Although this study demonstrated myelinated afferents affected SEA and mechanical hyperalgesia of MTrSs, the mechanism was still mysterious. We hypothesized the reactions between myelinated afferents and sensitization (both central and peripheral) of MTrSs [7] were responsible for this process. We found that muscle fibers in MTrSs were especially prone to fatigue [42, 43], and these fatigue muscle fibers could enhance input impulses of myelinated afferents [44]. According to the Integrated Trigger Point Hypothesis [1, 2, 6, 7], muscle contractions/cramps within taut bands led to ischemia and energy crisis and induced release of neural active substances and metabolites and resulted in higher sensitivity of MTrSs [2, 6, 7] and higher sensitivity and proliferation of myelinated afferent terminals [1, 7, 30]. The irritability of MTrS is related to SEA [8], while proliferated sensitive myelinated afferents conducted more peripheral nociceptive stimuli to the central nerve system, participated in the development of central sensitization by sprout and phenotypic switch, and induced hyperalgesia of MTrSs [4547]. In addition, increased sympathetic activity and pain intensity were reported at MTrPs, and the sympathetic nerves in muscle spindles were consisted to be related with sensitized myelinated afferents and gave rise to lower pain threshold, higher pain intensity, and increased SEA at MTrPs [10, 11, 13, 14, 41].

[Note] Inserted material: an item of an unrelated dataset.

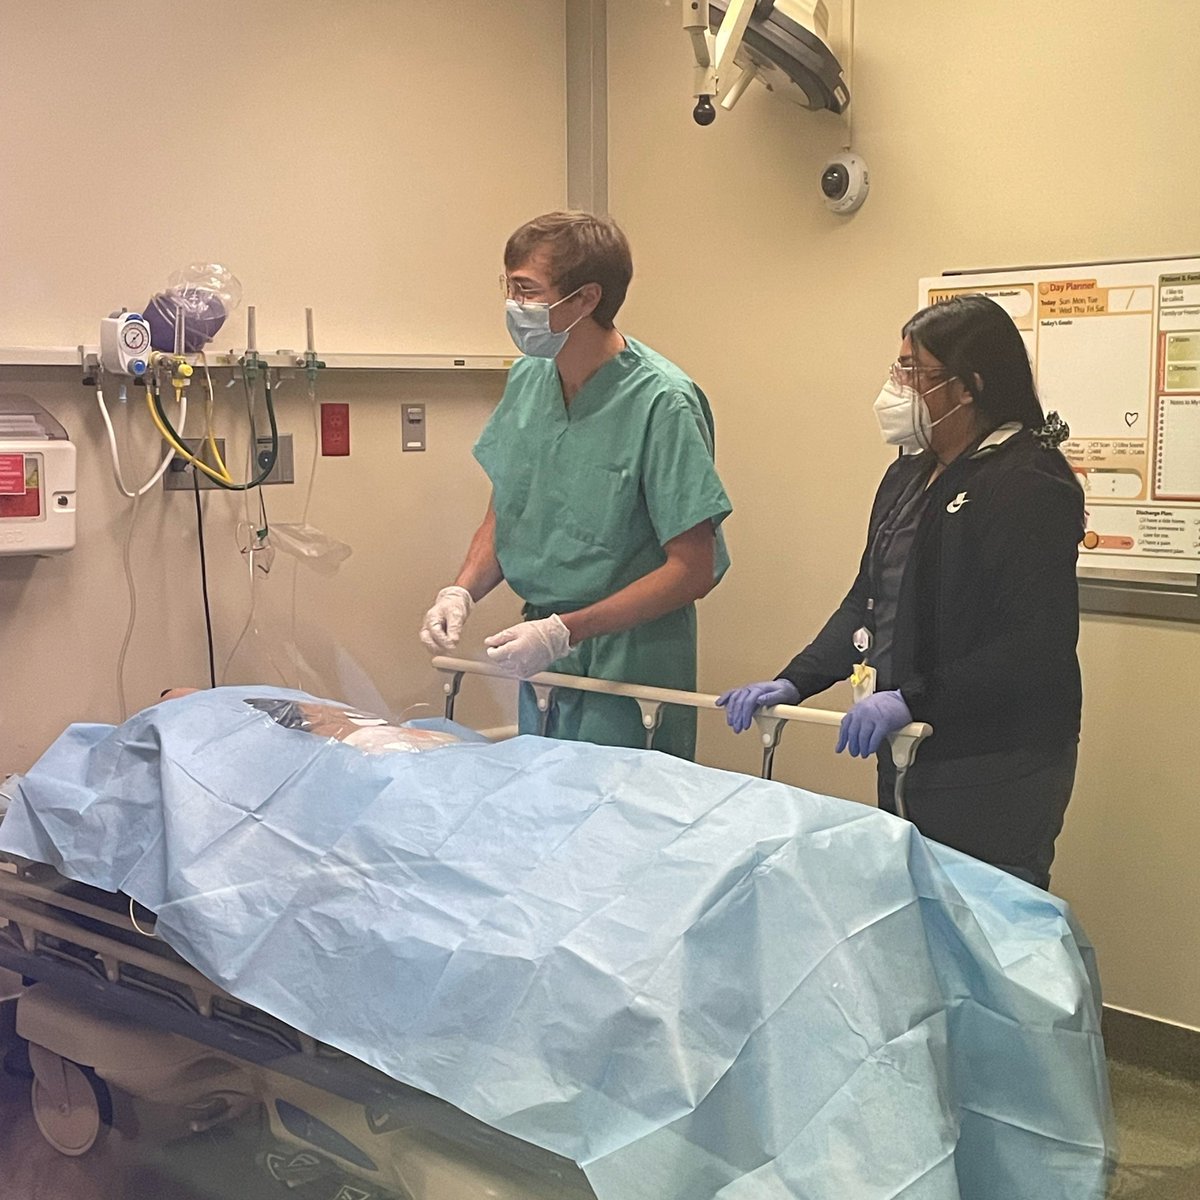 Our new @uamshealth Interventional Radiology #IR residents @uams_com @uams_ir participate in #simulation education led by Dr Mollie Meek, MD & Dr Erin Priddy, MD 🌟🤩🌟 Rehearsing contrast reaction and conscious sedation management to optimize our outcomes @SSHorg @MollieMeekIR

The mechanism of MTrSs is mysterious, and in this study, we found proliferated myelinated afferents modified SEA and mechanical hyperalgesia of MTrSs and proposed a hypothesis of the modulatory mechanism. More studies, such as investigating central sensitization with immunohistochemistry about the nociceptive related receptors in spinal cord, afferent nerve tracing to show their connections and conduction, were already in operation to reveal the exact mechanism.

5. Conclusion

This study demonstrated that MTrSs contained more myelinated afferents than normal healthy tissues, which were associated with pathology of SEA and mechanical hyperalgesia of MTrSs. Nevertheless, how myelinated afferents affect SEA and mechanical hyperalgesia was still uncertain. We hypothesized myelinated afferents affected SEA and mechanical hyperalgesia of MTrSs through central and peripheral sensitization. More studies were already in operation to reveal the exact mechanism.

Conflict of Interests

All the authors have no conflict of interests.

Authors’ Contribution

Yong-Hui Wang and Shou-Wei Yue contributed equally to this work.

Acknowledgments

The study was supported by National Natural Science Foundation of China (no. 81000855; no. 81272155) and Natural Science Foundation of Shandong Province (no. ZR2010HQ021). All animal experiments were performed at the Animal Care Center of the Key Laboratory of Cardiovascular Remodeling and Function Research, Shandong University (Jinan, Shandong, China).